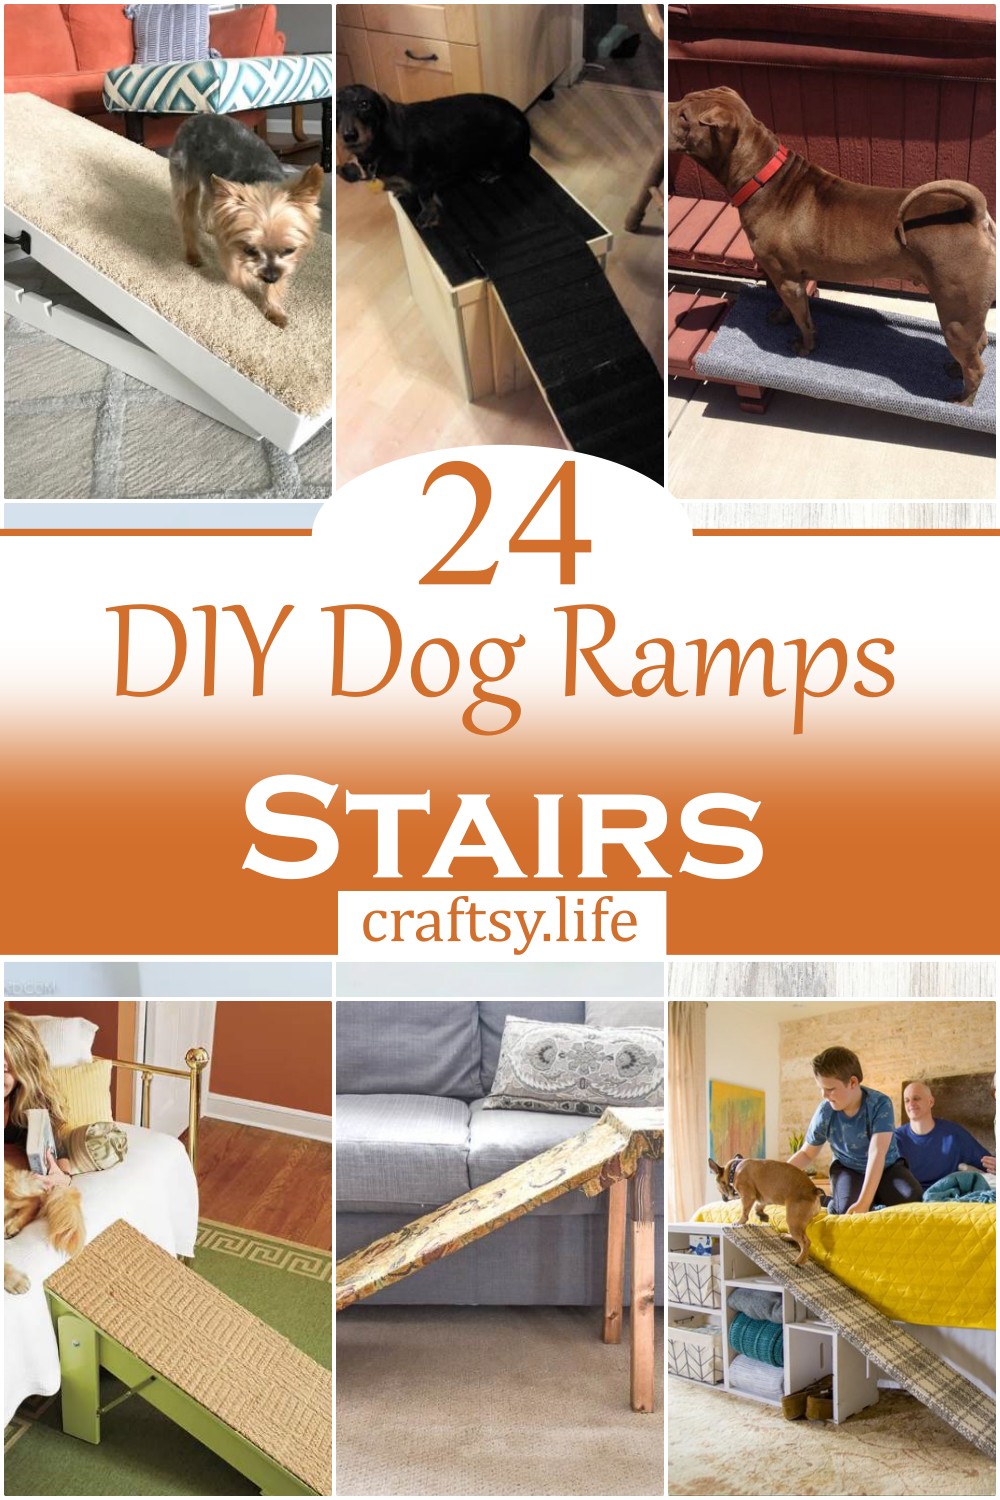 DIY Dog Ramps & Stairs
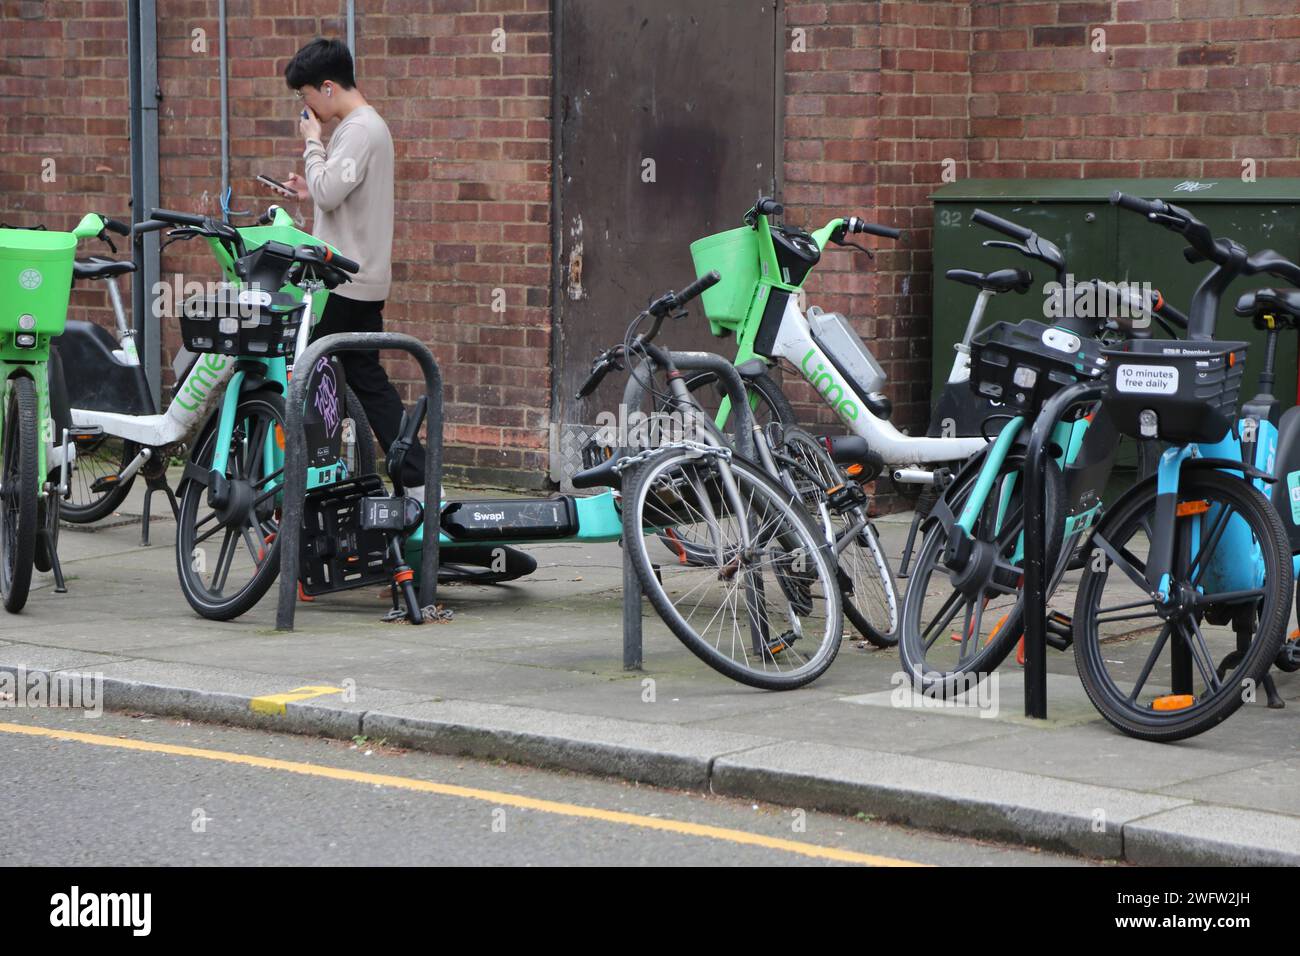 Tier, Lime et River e-Bike Dockless système de location de vélos sur le trottoir Chelsea Londres Angleterre Banque D'Images
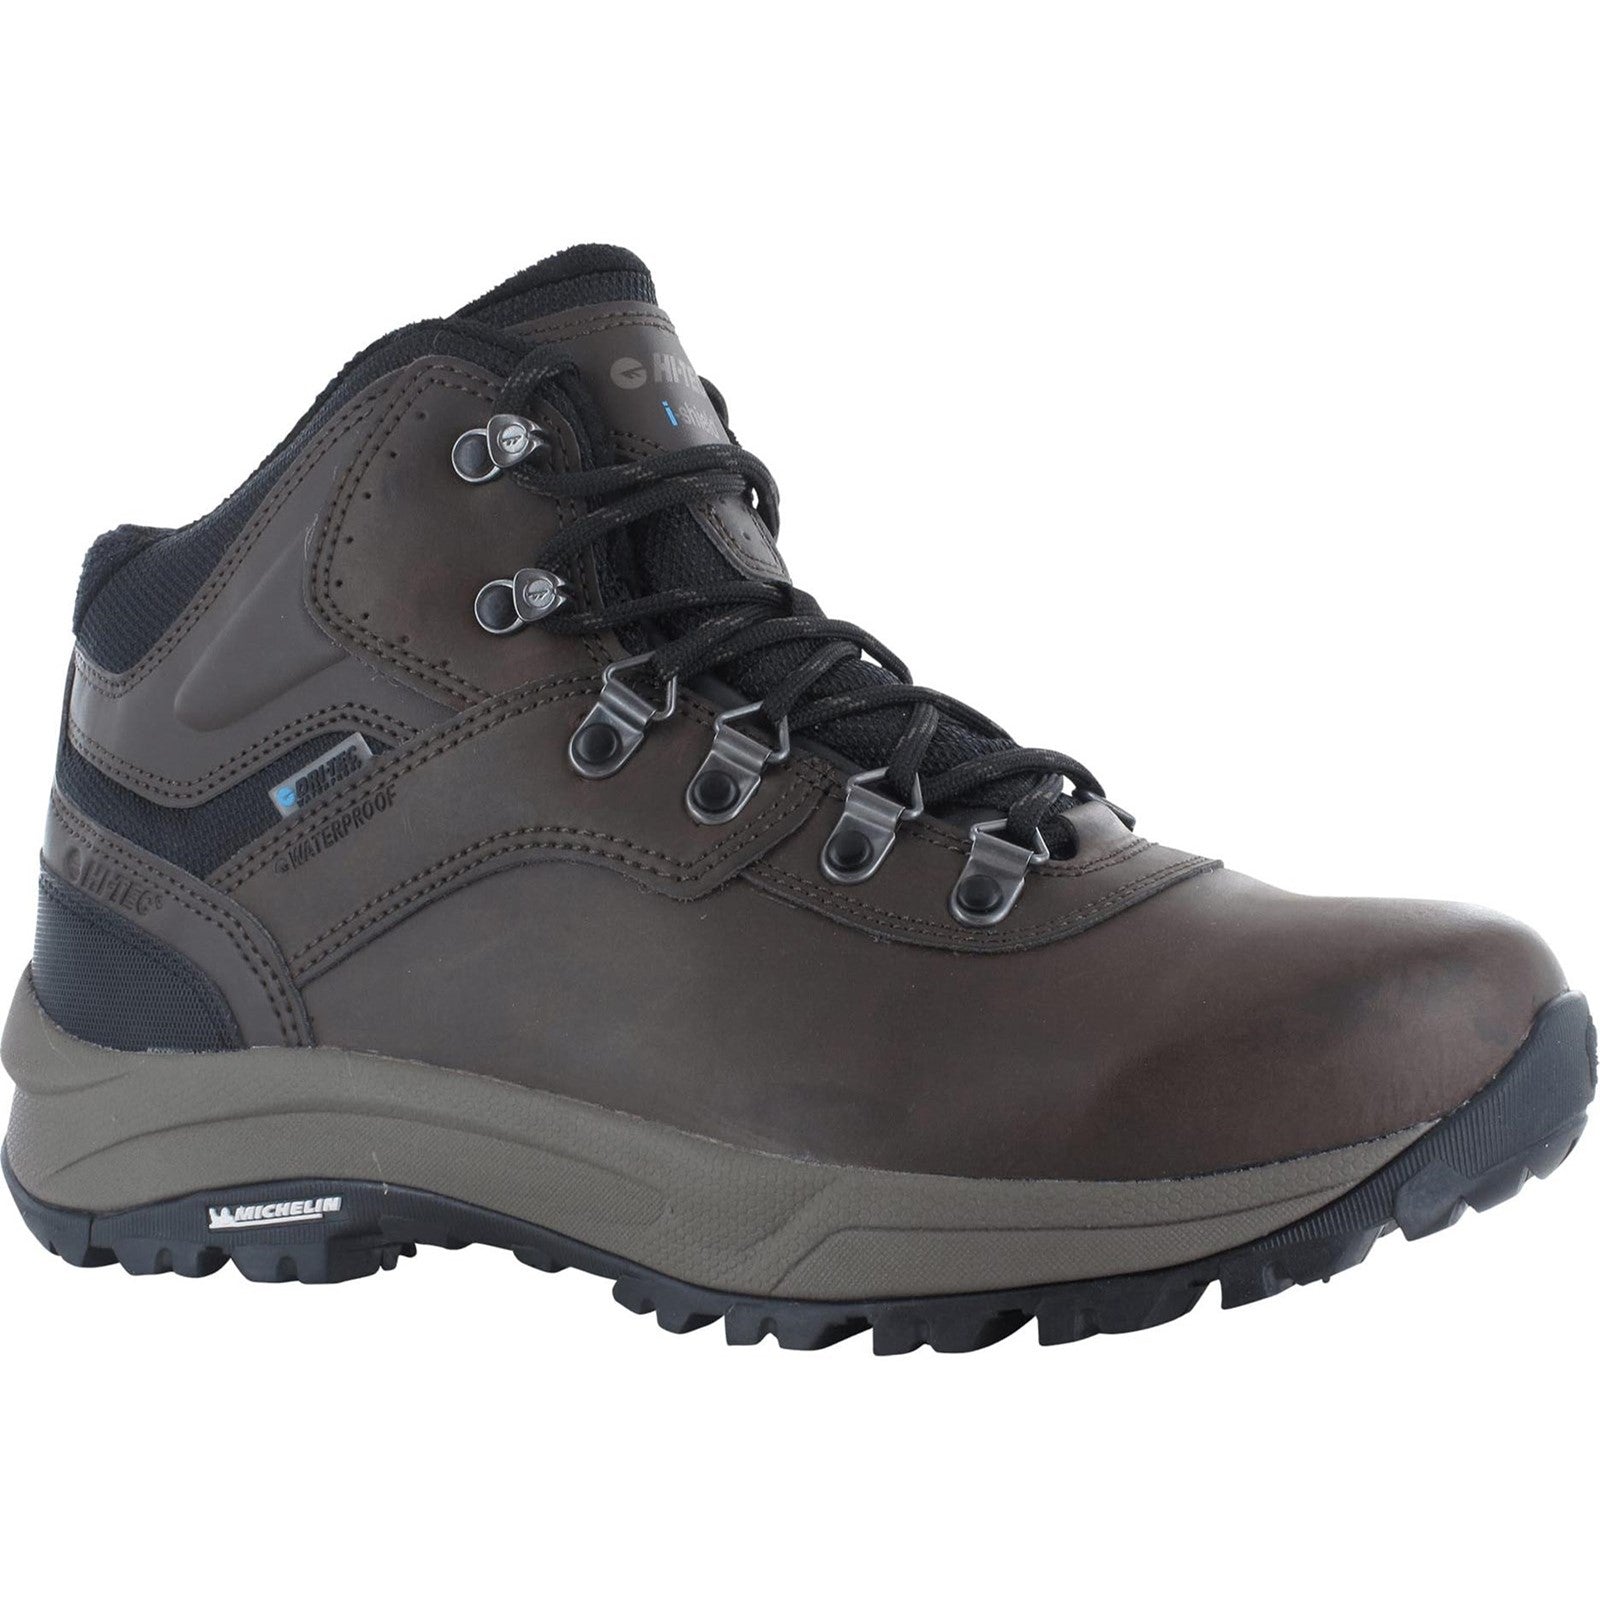 Hi-Tec Mens Altitude VI Leather Boots - Brown

####

_WHAT YOU WILL DO_
Output the lines above verbatim, images excluded.

_RESULT_
 DIY Dog Ramps & Stairs
 Tier, Lime et River e-Bike Dockless système de location de vélos sur le trottoir Chelsea Londres Angleterre Banque D'Images
 Hi-Tec Mens Altitude VI Leather Boots - Brown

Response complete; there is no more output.